What the hell did I just do? I'm the one who talks big about leaving yet I'm the one who's scared as fuck to be left by him!

"I'm not leaving, if that's what you wanted to know." He said. "I'm just going to get you some extra blankets."

I just watched him rummage through the cabinets to take a thick, pink comforter out. The silence was accompanied with tension but it wasn't the kind that is uncomfortable. To be honest, this was the first time I felt really glad that he was here with me since I arrived. Maybe because deep inside I knew this moment wouldn't last.

"Here. Get some sleep." He muttered as he gave me the comforter. He occupied his spot earlier then stared into my eyes again. I nodded, then lied down and snuggled inside the thick blankets, closing my eyes.

"Tsukishima?"

"Yeah?"

"Thank you." I whispered.

I felt him shift his position, but he never replied. I felt his stare at me but I didn't mind it. It's ironic how I knew how much he hated me but it felt like I was in the safest place in the world right now. And he never left until I drifted into a deep sleep.

~*~

I could already feel the throbbing headache before I could even open my eyes. A groan escaped my dry lips as I slowly sat up, holding my head as I rest against the headboard of the bed. It was one of those terrible hangovers. The last time I'd had this kind of hangover was when Tetsurou dragged me to drink with him at the house because he was a curious cat. I needed to unwind, he said. It'll be fun, he said. I puffed out a breath. I also found out that I get really red, hot and blotchy so I never touched alcohol ever since.

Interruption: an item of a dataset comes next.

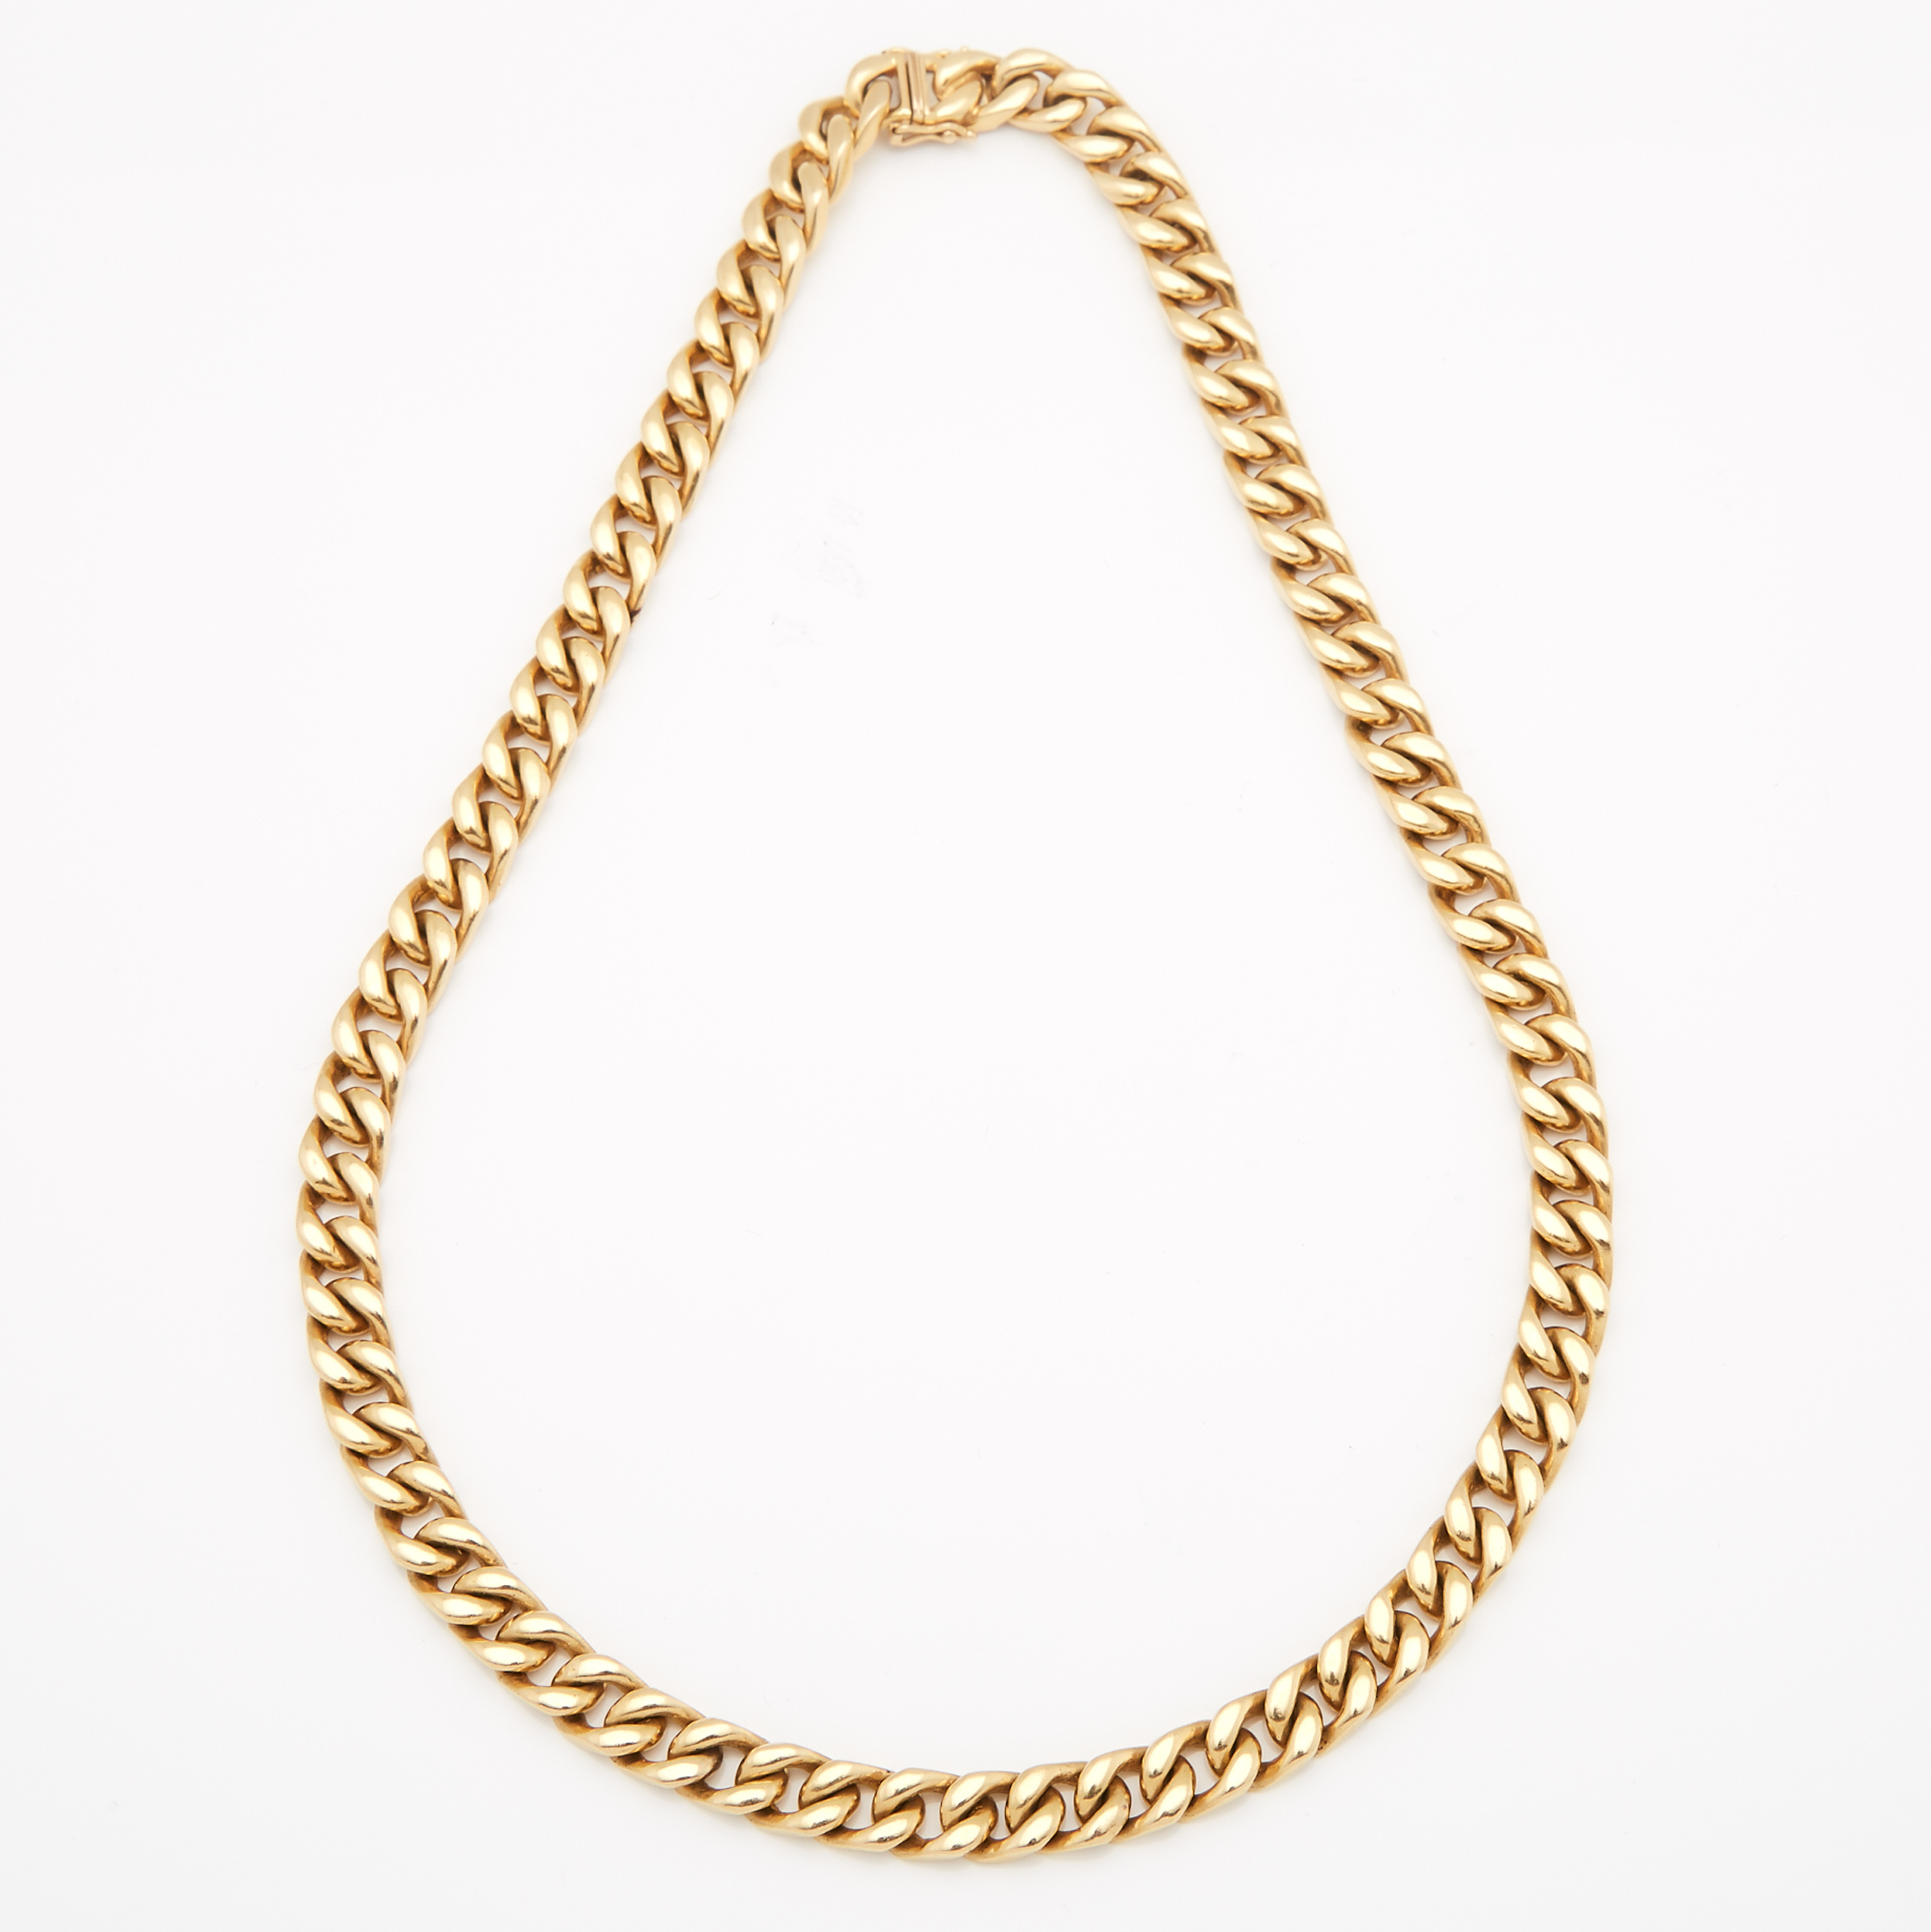 European Jewellers 18k Yellow Gold Curb Link Chain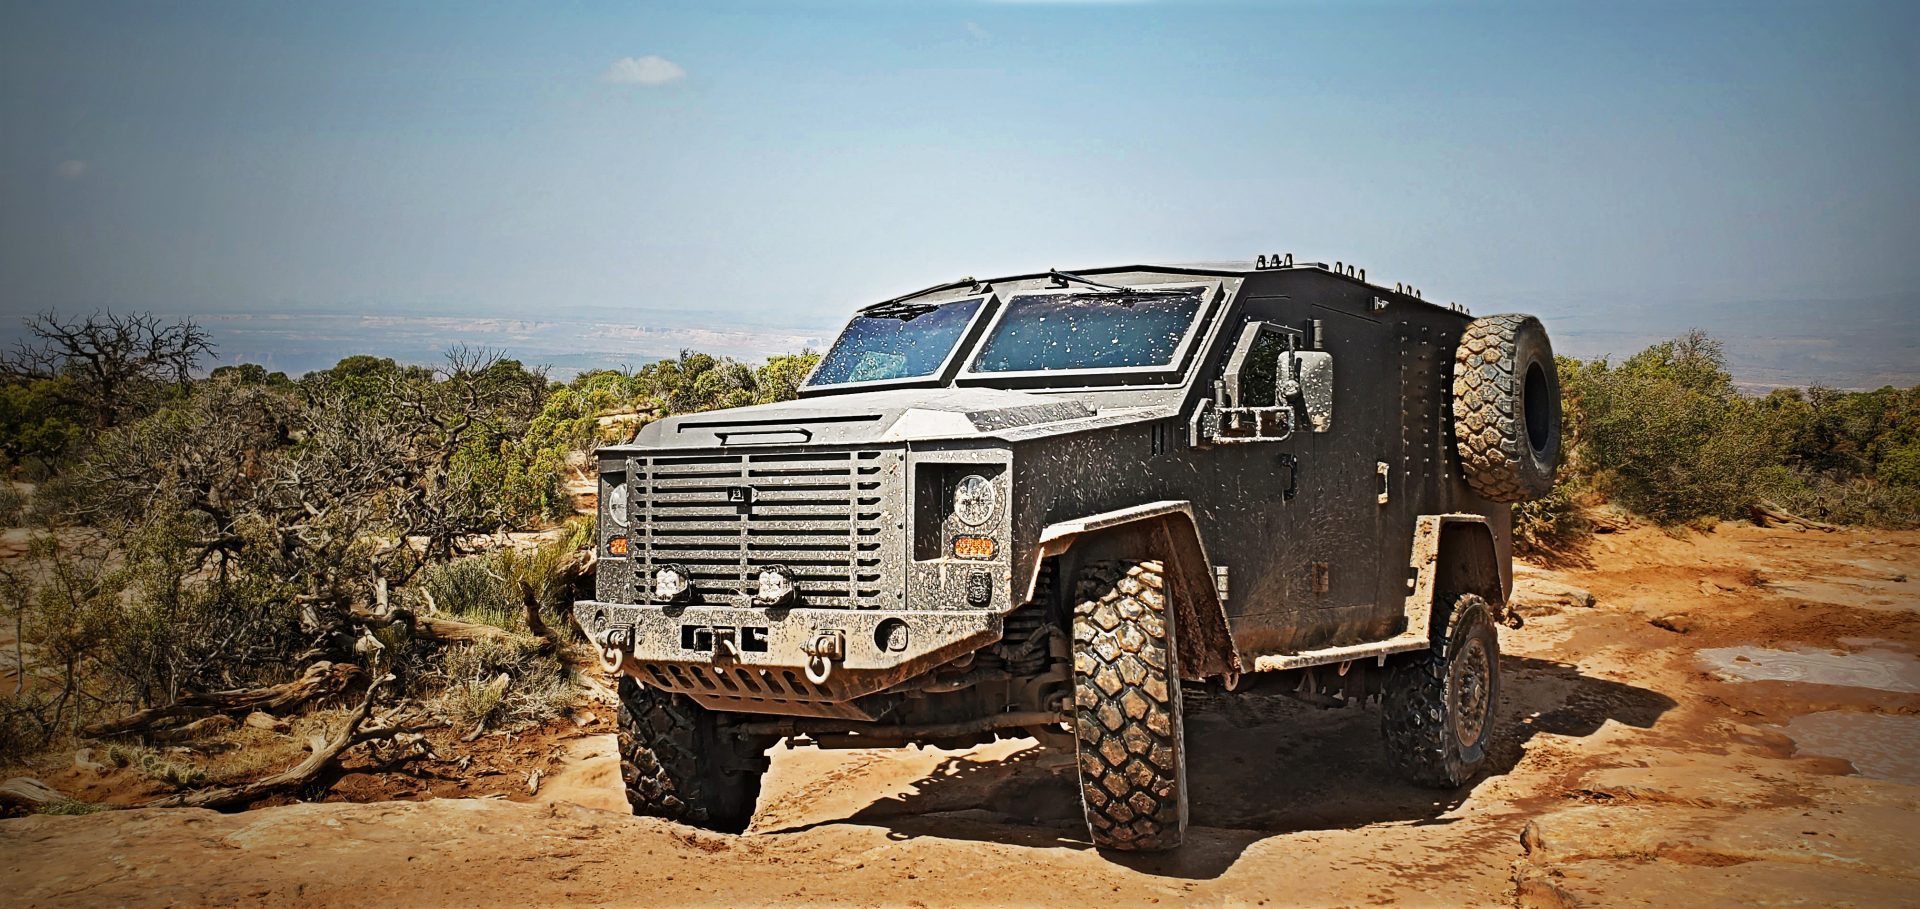 Lenco Armored Vehicles exhibiting at Association of the US Army’s 2021 Annual Meeting and Expo

Even with the throbbing headache and slightly itchy skin, I drank the half-empty glass of water on the nightstand to put moisture to my dry throat. My mind instinctively went back to our conversation last night. Alcohol is such a huge scam. I thought that it can drown all of my feelings, guilt, regrets and my could have beens, but it all just amplified and resurfaced everything. I forced myself to forget the look of hurt and disdain in his eyes as he stared straight into me. Even in my drunken dreams, my thoughts were still filled with the thoughts of how sorry I am and how much I had missed him.